Hi, I’m trying to implement CNN-LSTM model where I have a sequence of images that I need to get spatial data from using CNN and send it to my LSTM layer. Here is the code of the models that I have written. Is it the write implementation of the idea? I’m not able to properly train the model that is why I’m asking the question.
class CNN(nn.Module):
def __init__(self, layers, c):
super(CNN, self).__init__()
self.layers = nn.ModuleList([
nn.Conv2d(layers[i], layers[i + 1], kernel_size=3, stride=2)
for i in range(len(layers) - 1)])
self.drop = nn.Dropout(p=0.1)
self.pool = nn.AdaptiveMaxPool2d(1)
self.out = nn.Linear(layers[-1], c)
def forward(self, x):
for l in self.layers: x = F.relu(l(x))
x = self.drop(x)
x = self.pool(x)
x = x.view(x.size(0), -1)
return F.log_softmax(self.out(x))
class RNN(nn.Module):
def __init__(self, input_size, hidden_size, output_size):
super(RNN, self).__init__()
self.hidden_size = hidden_size
self.conv = CNN([3, 20, 40, 80], hidden_size)
self.i2h = nn.LSTM(hidden_size, hidden_size)
self.i2o = nn.Linear(hidden_size, output_size)
self.softmax = nn.LogSoftmax(dim=1)
def forward(self, input, hidden):
input = self.conv(input)
output, hidden = self.i2h(torch.unsqueeze(input, 0), hidden)
output = torch.squeeze(output, 0)
output = self.i2o(output)
output = self.softmax(output)
return output, hidden
def initHidden(self):
return (Variable(torch.zeros(1, 1, self.hidden_size).cuda()),
Variable(torch.zeros(1, 1, self.hidden_size).cuda()))

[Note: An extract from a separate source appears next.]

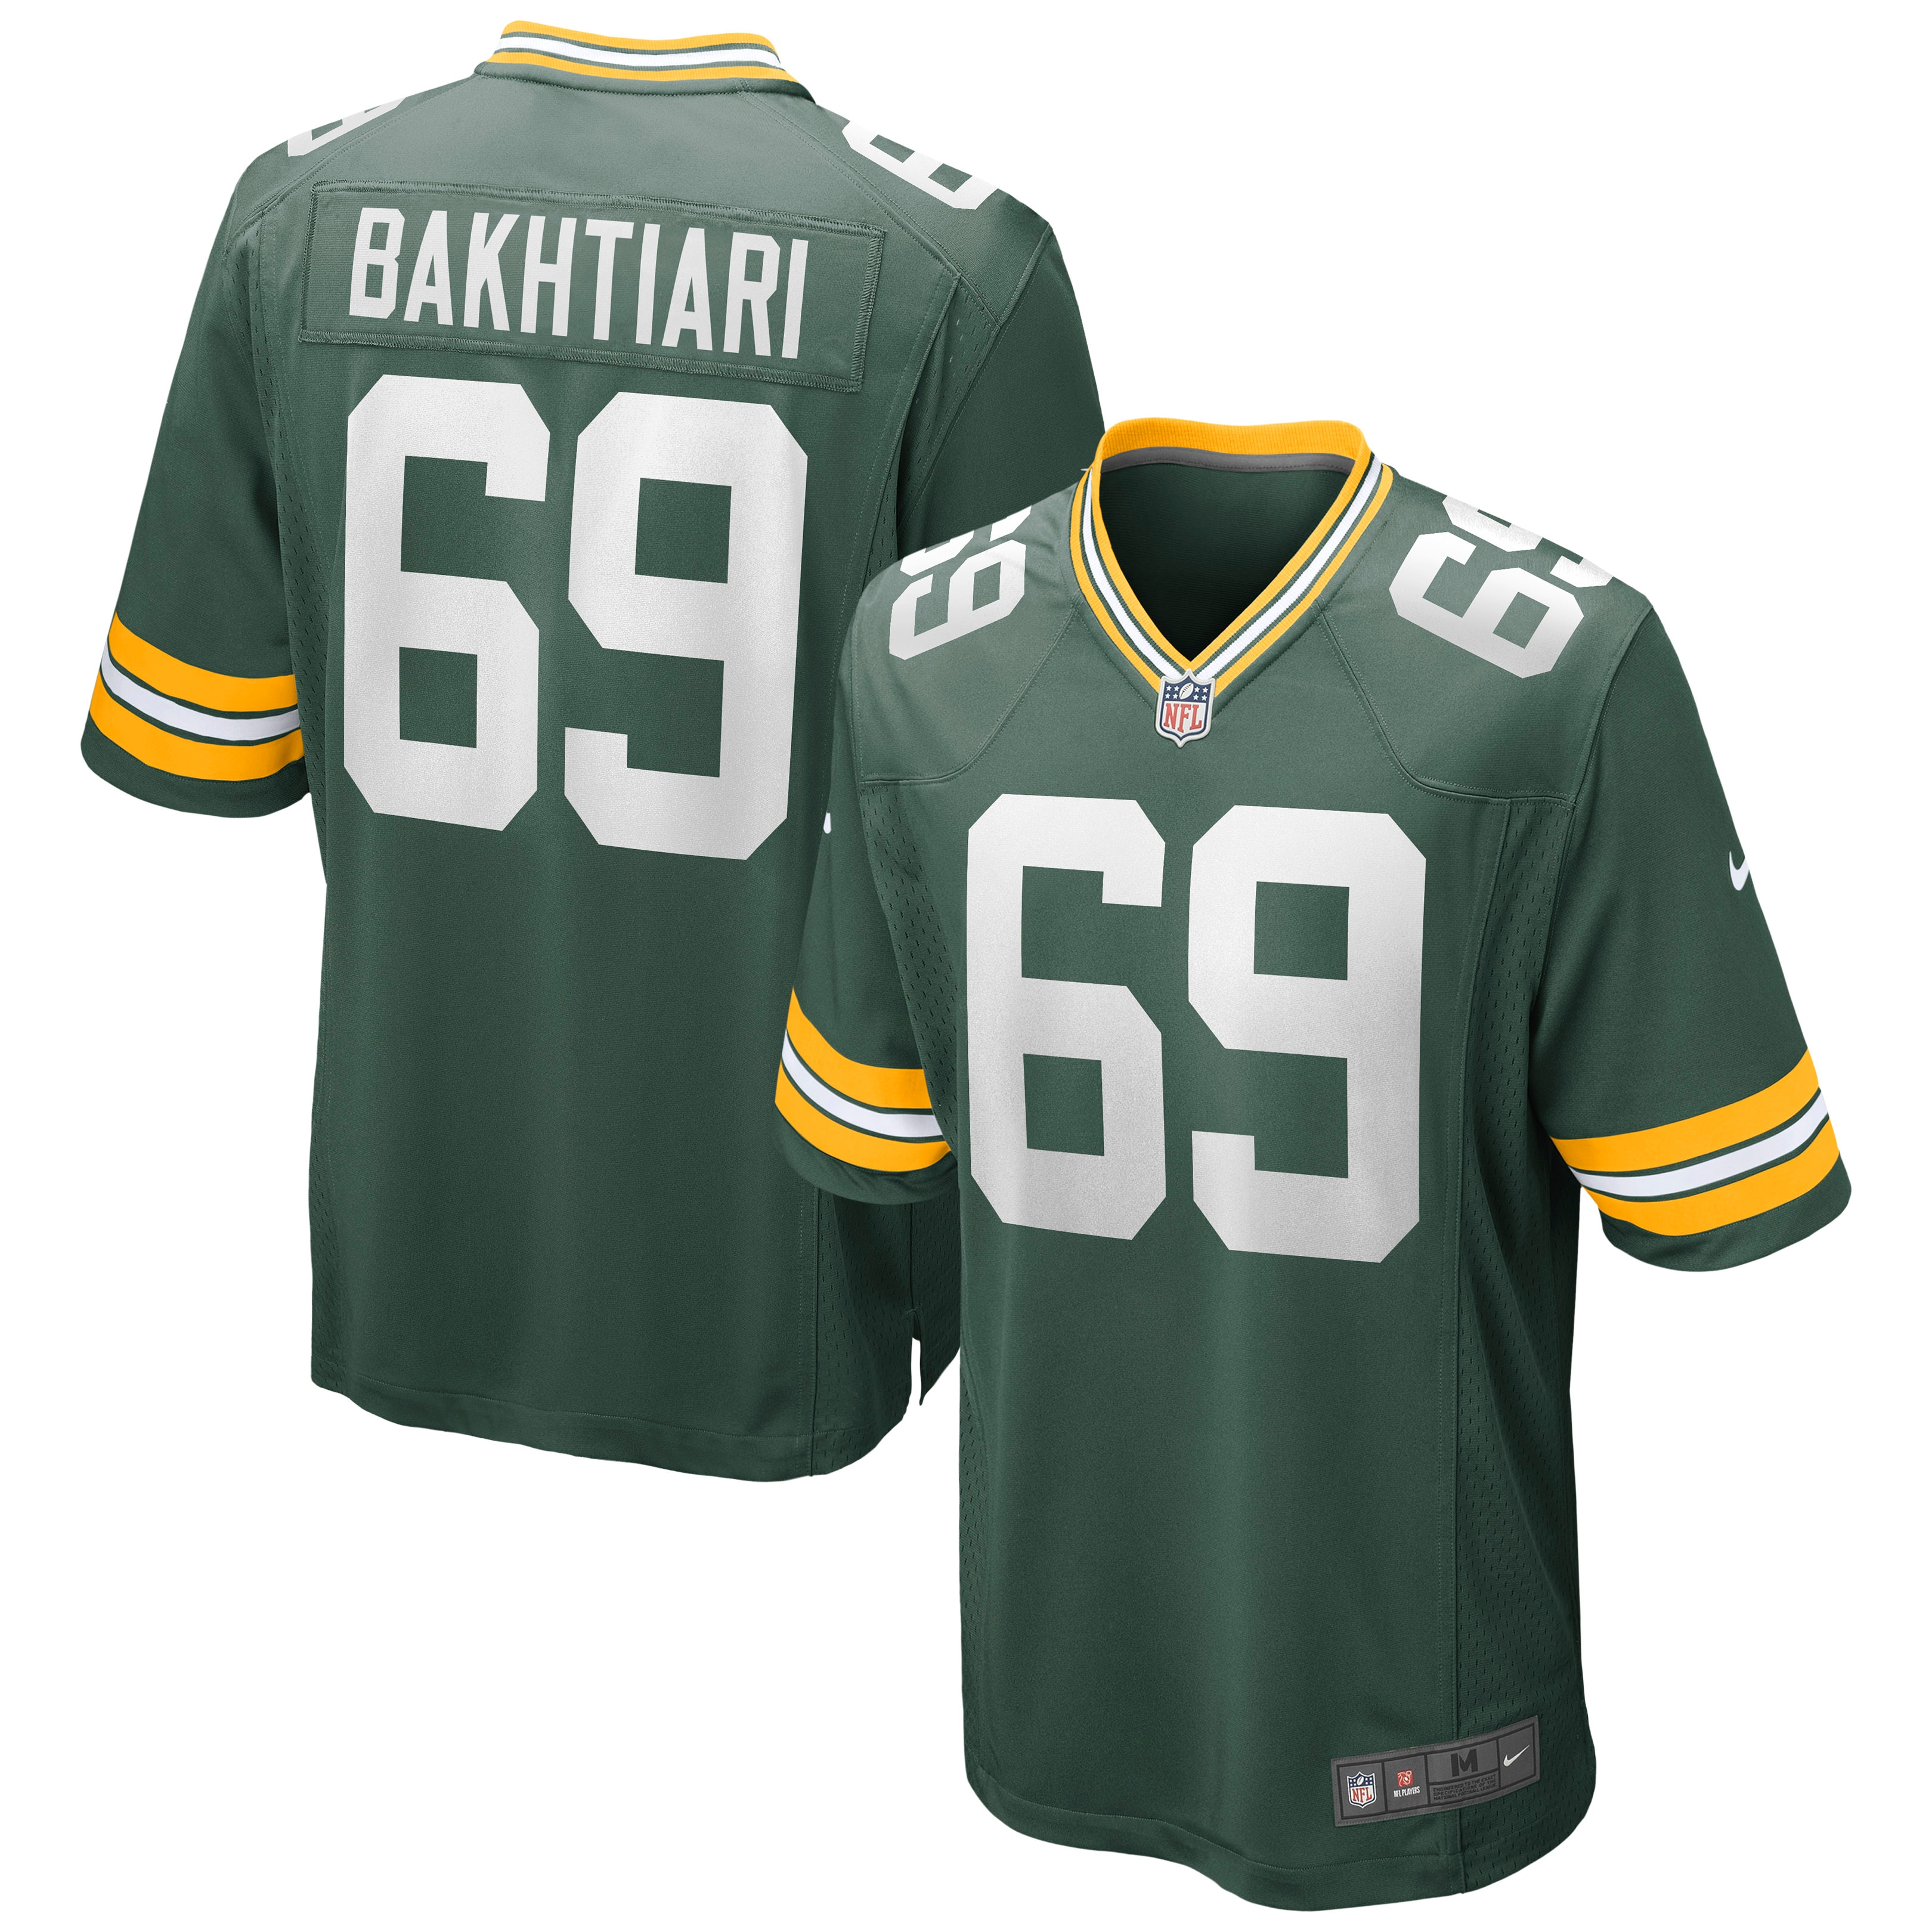 David Bakhtiari Green Bay Packers Nike Game Jersey - Green - Walmart.com

My data is the ellipses (one type of ellipse) with parameters like colour, width, height and with two different movement patterns that are described by parameters like x, y change. Parameters are randomly generated using Gaussian normal distribution. Each move has different parameters for Gaussian distribution. I have 40.000 (20.000 for each) 64x64 images. Still, I’m not able to train the model. Maybe there is too much white space on the images? Therefore, I get overfitting?!